**Task directions:** Leave out the pictures and restate exactly, and only, the lines from the one that contains "2003 Aston Martin" through the final line of the material below.

═════ Information supplied

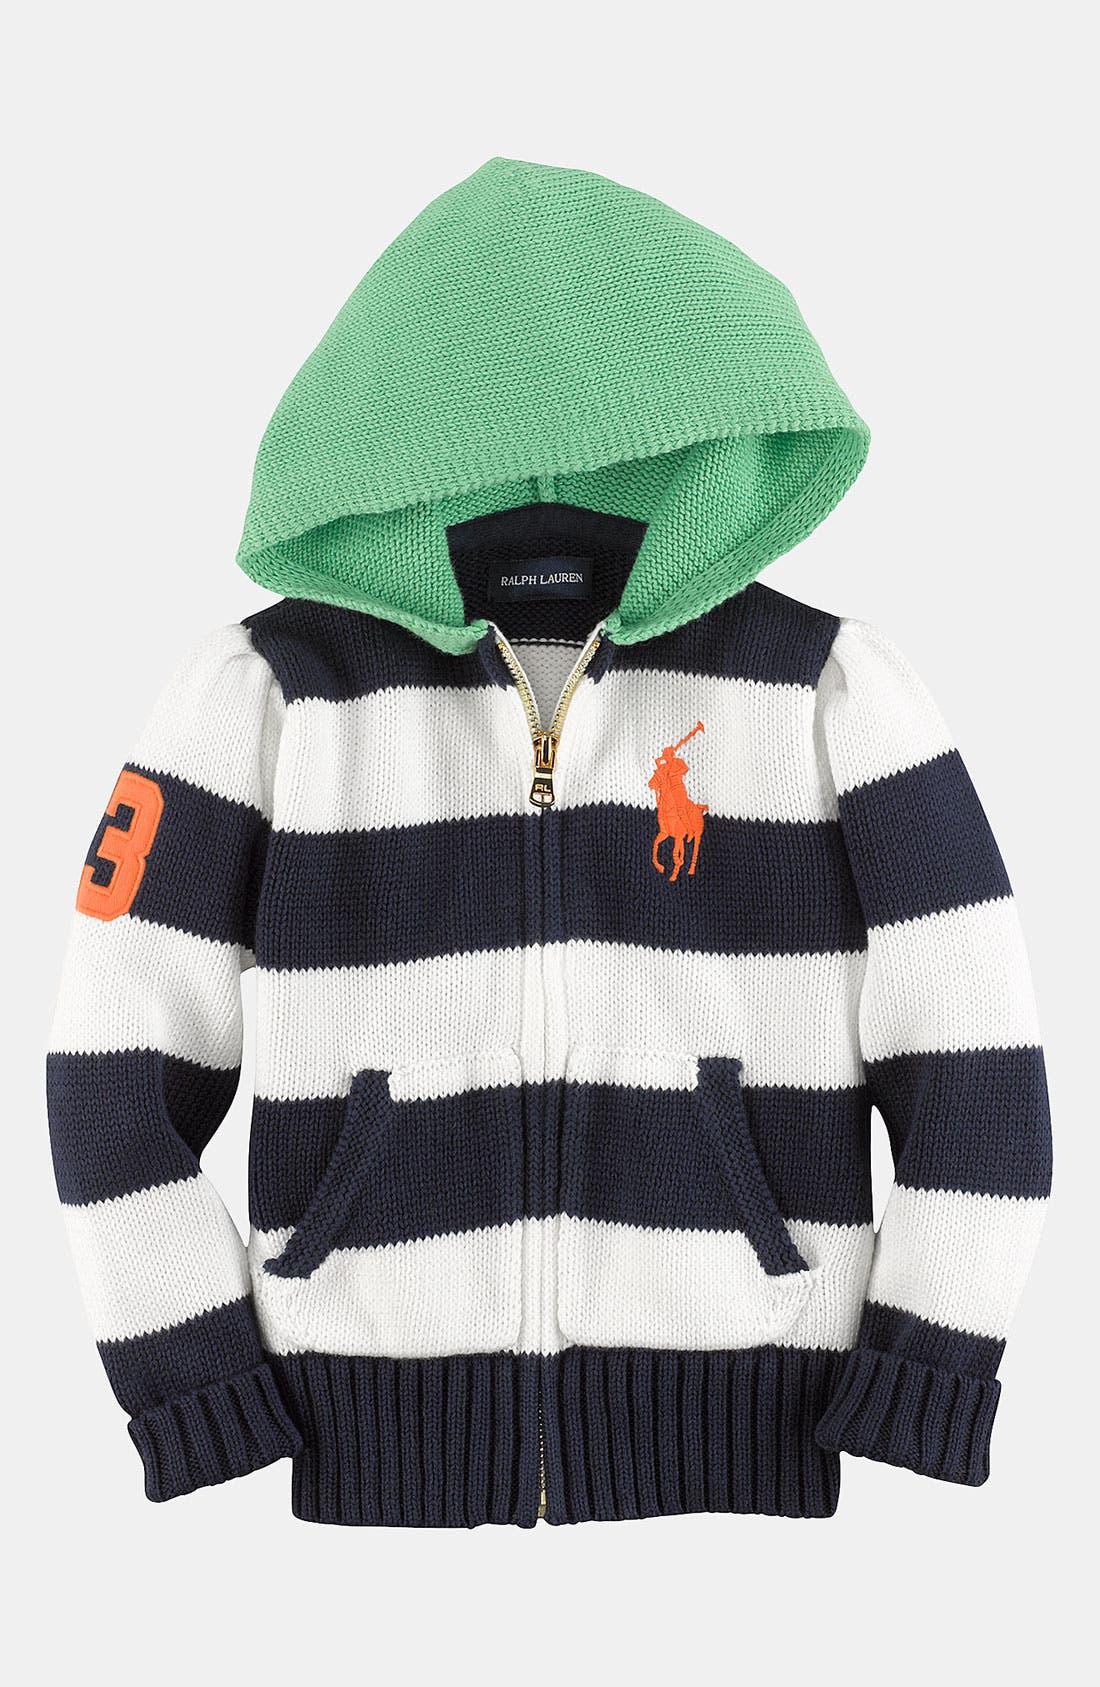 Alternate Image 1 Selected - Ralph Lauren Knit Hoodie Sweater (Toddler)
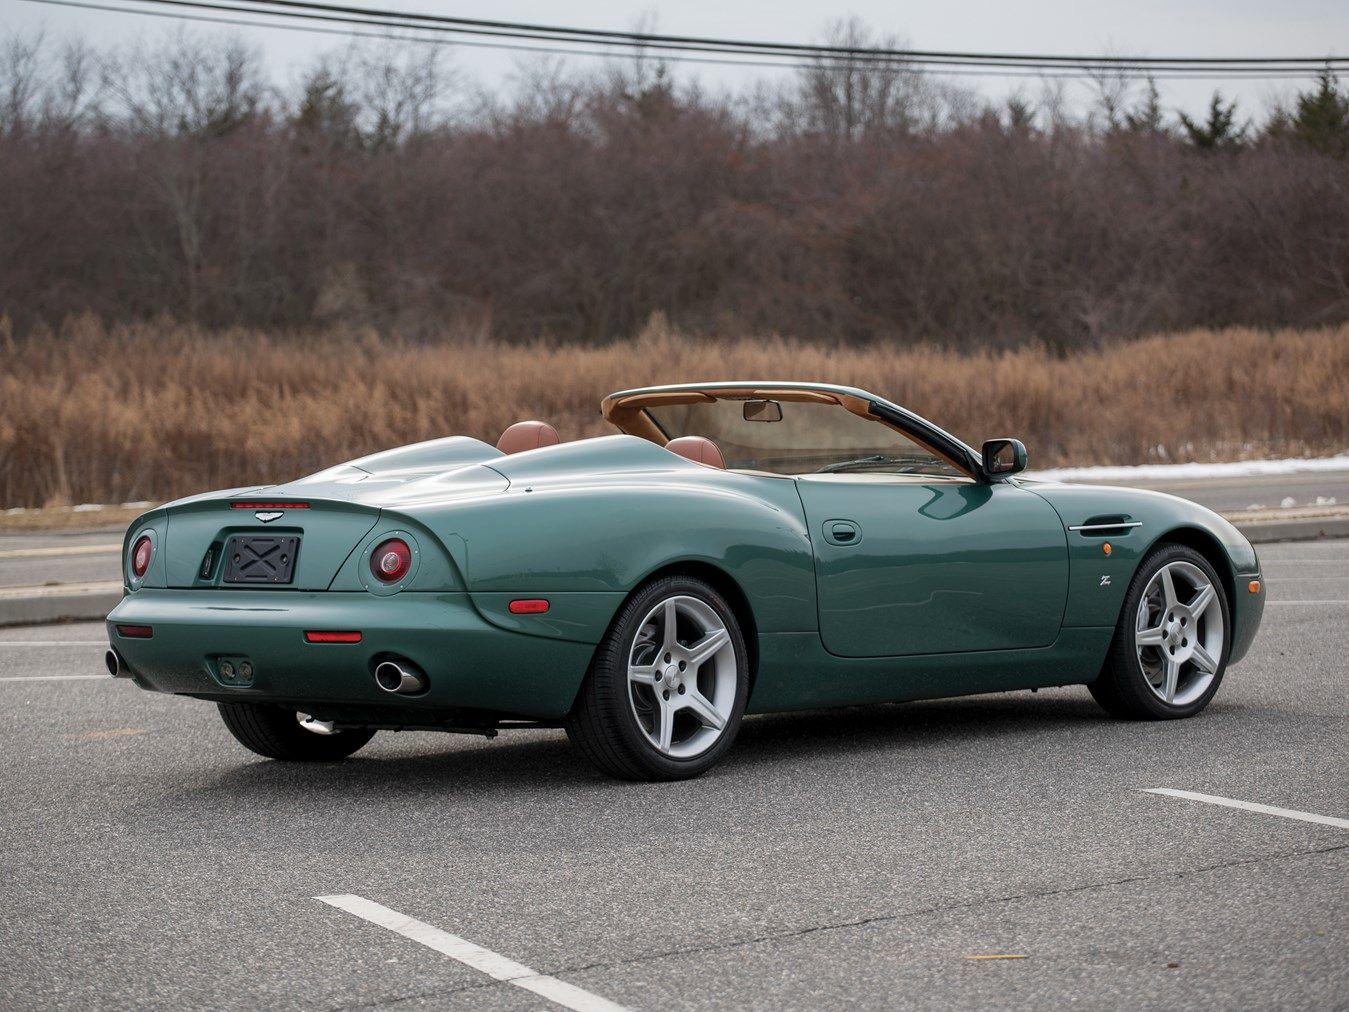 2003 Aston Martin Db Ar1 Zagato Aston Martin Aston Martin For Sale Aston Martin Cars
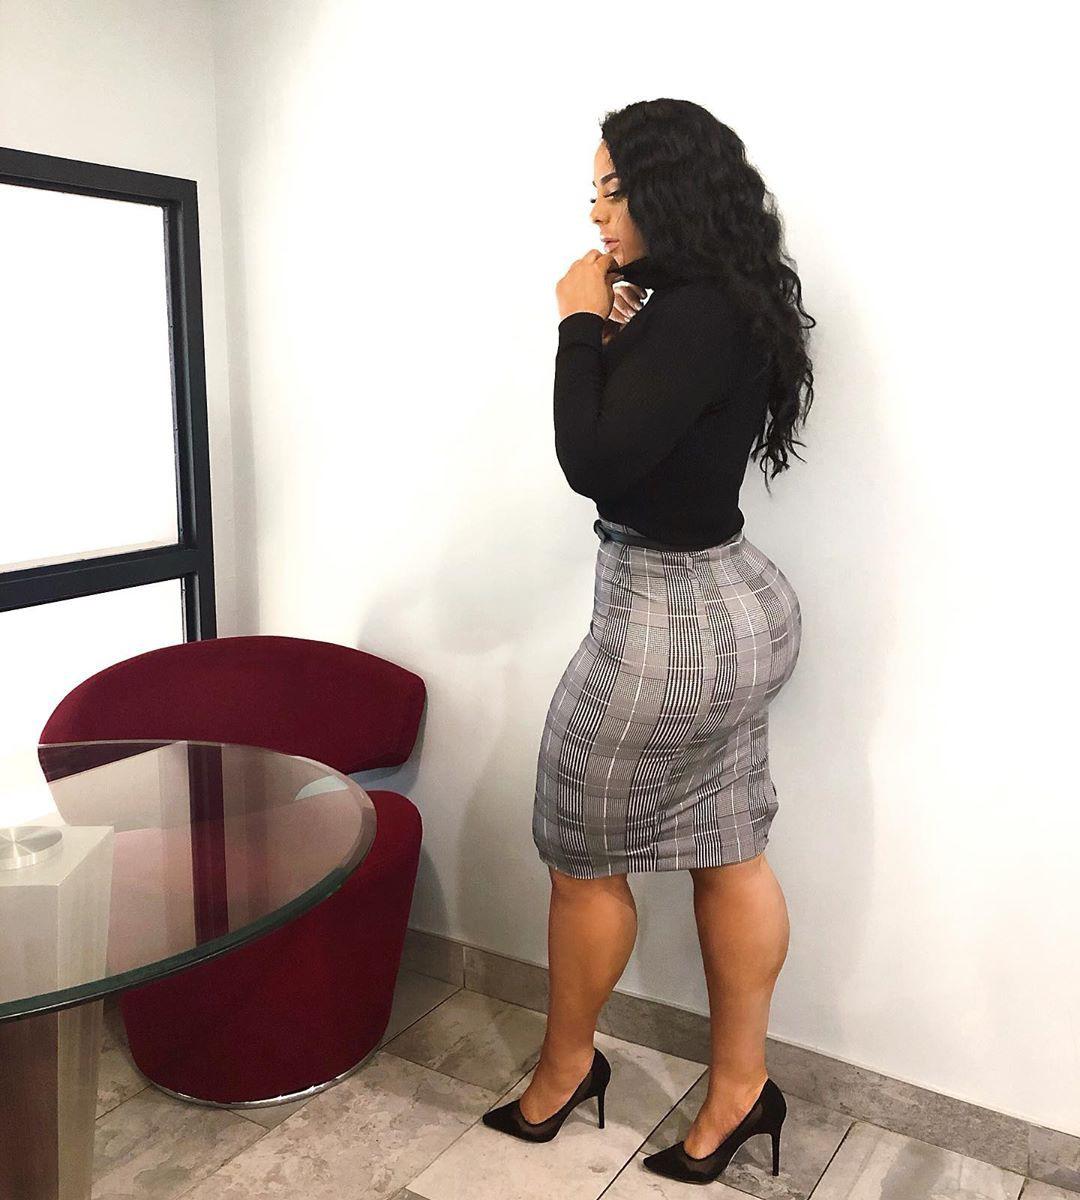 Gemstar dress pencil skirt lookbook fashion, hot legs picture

══════════

**Completed exercise:**
 2003 Aston Martin Db Ar1 Zagato Aston Martin Aston Martin For Sale Aston Martin Cars
 Gemstar dress pencil skirt lookbook fashion, hot legs picture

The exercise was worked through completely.